:: Task details ::
The expected answer is the full listing, repeated exactly and free of images.

:: Raw data ::
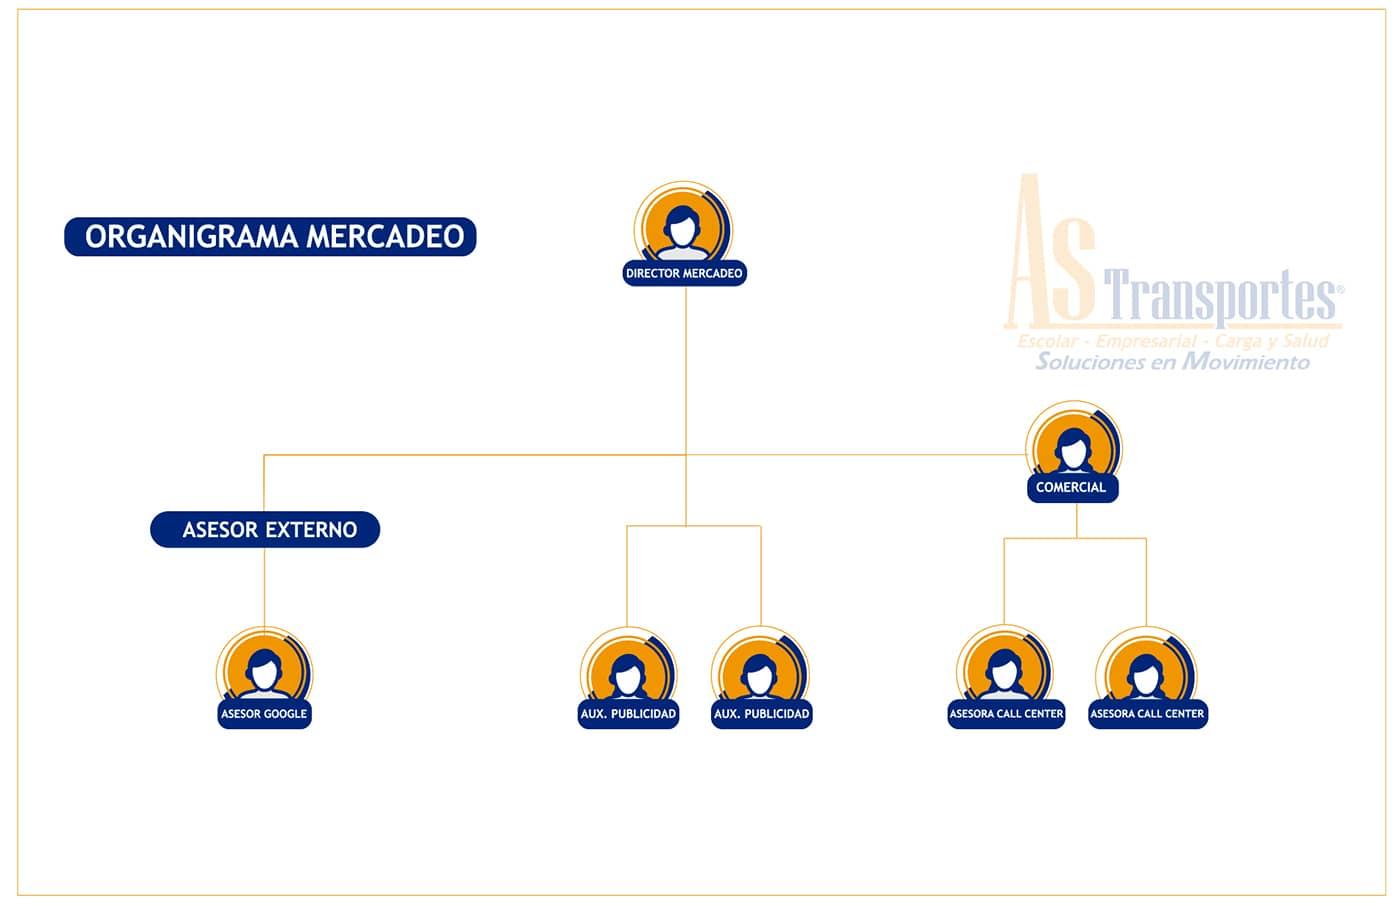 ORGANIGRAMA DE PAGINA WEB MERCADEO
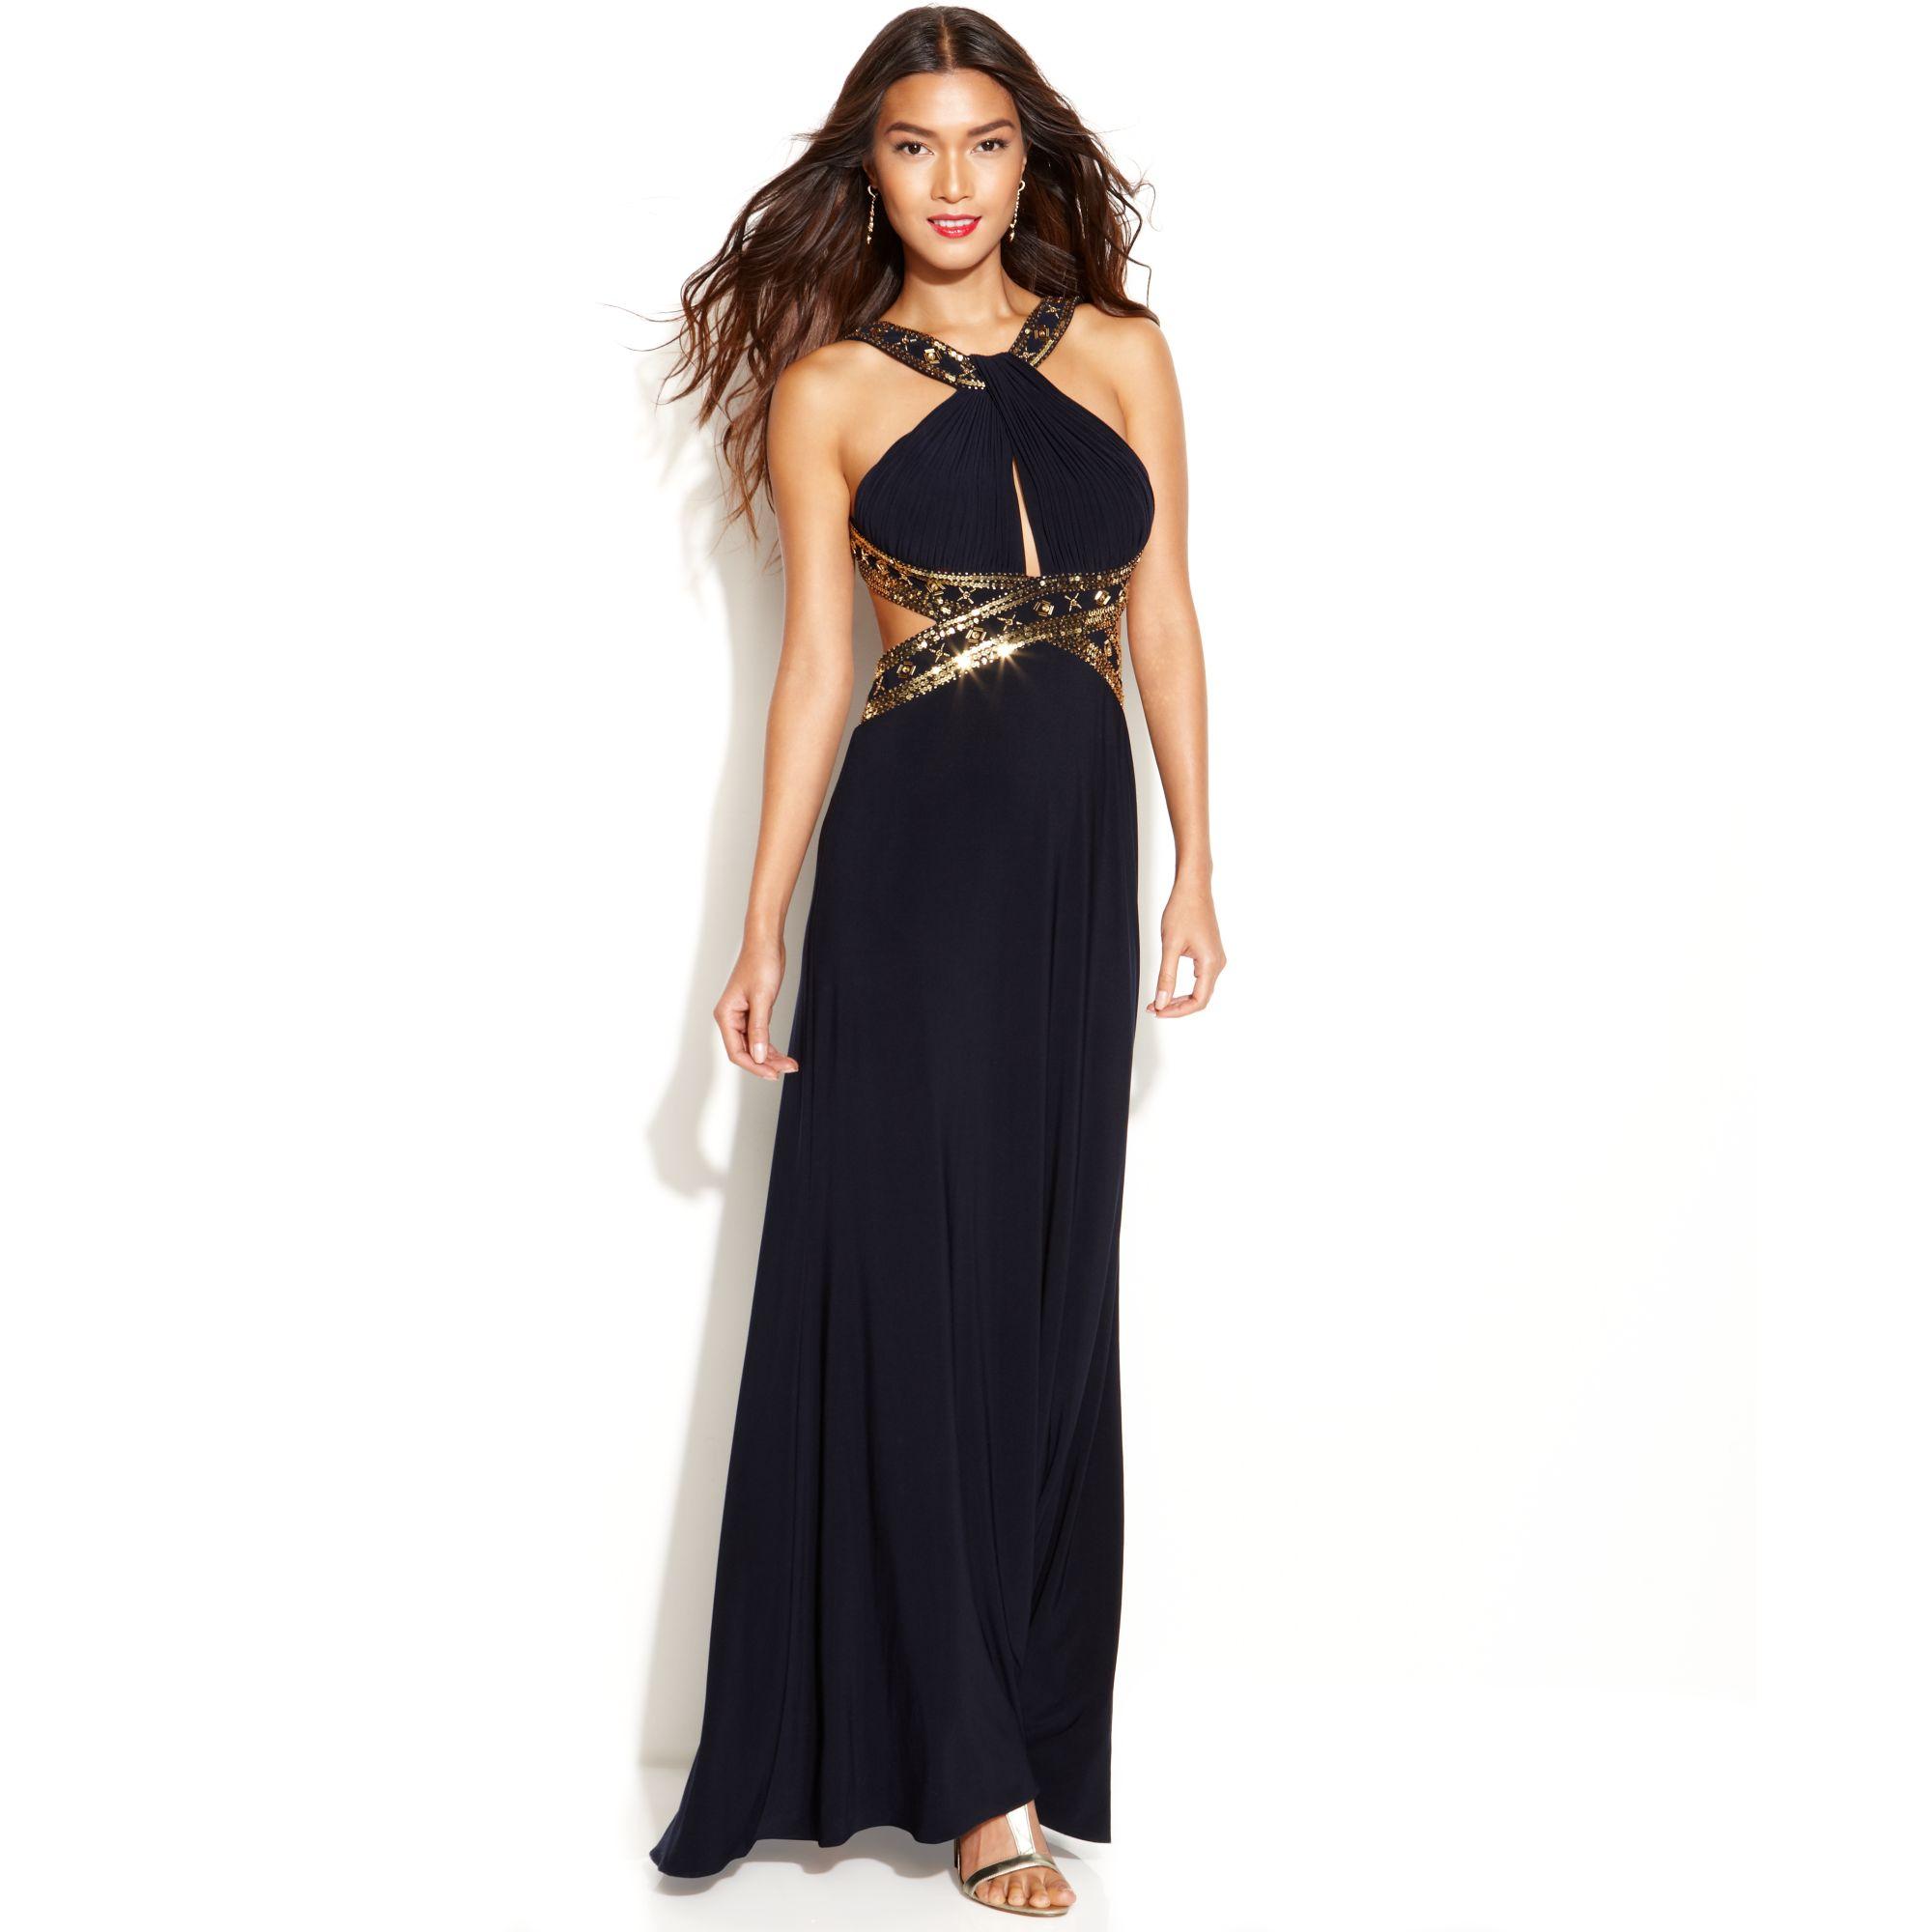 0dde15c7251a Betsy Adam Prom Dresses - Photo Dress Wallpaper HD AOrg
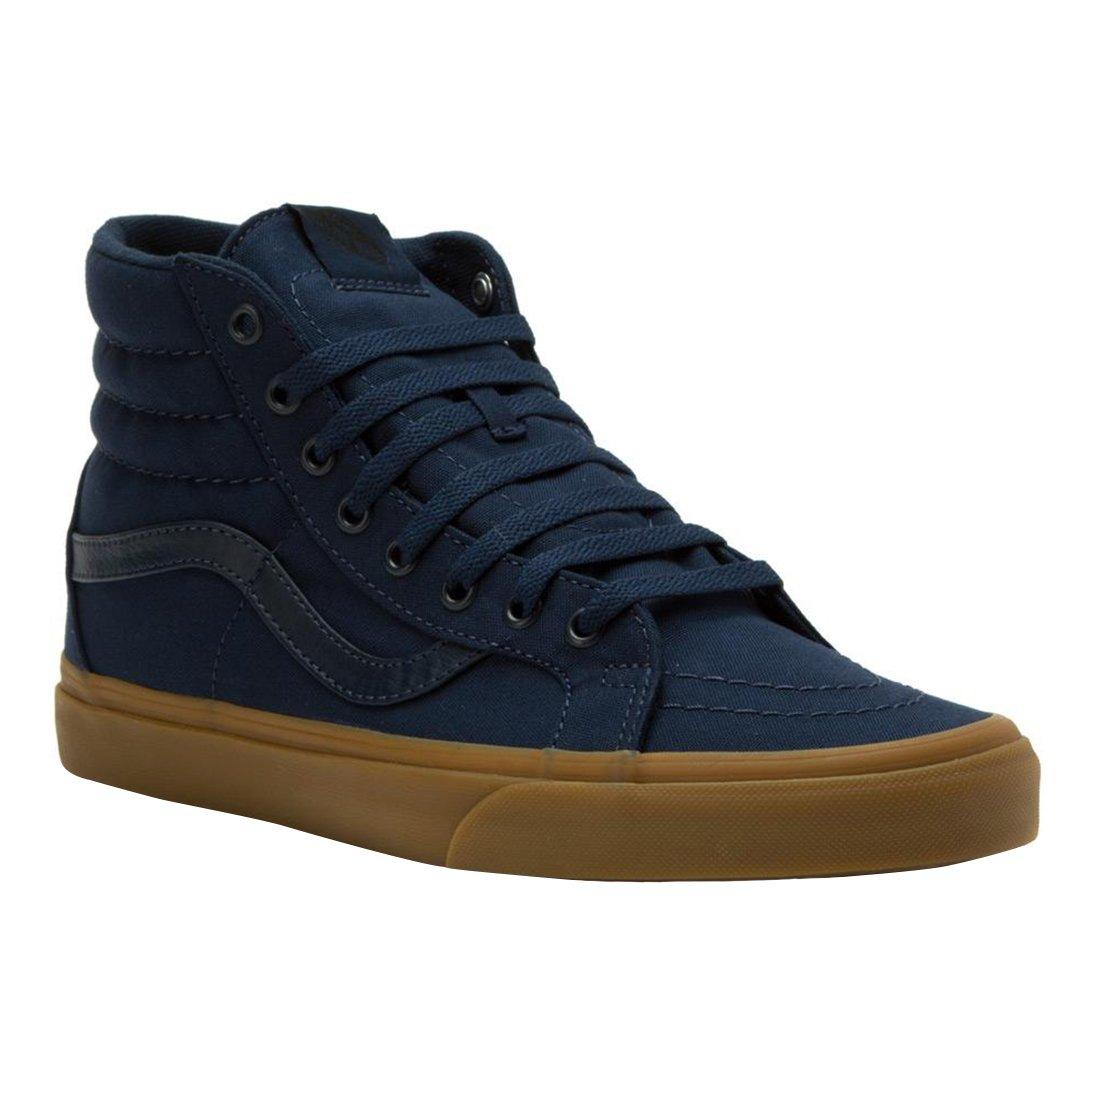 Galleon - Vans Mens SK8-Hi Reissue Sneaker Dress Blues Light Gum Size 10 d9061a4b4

:: The completed task ::
 ORGANIGRAMA DE PAGINA WEB MERCADEO
 0dde15c7251a Betsy Adam Prom Dresses - Photo Dress Wallpaper HD AOrg
 Galleon - Vans Mens SK8-Hi Reissue Sneaker Dress Blues Light Gum Size 10 d9061a4b4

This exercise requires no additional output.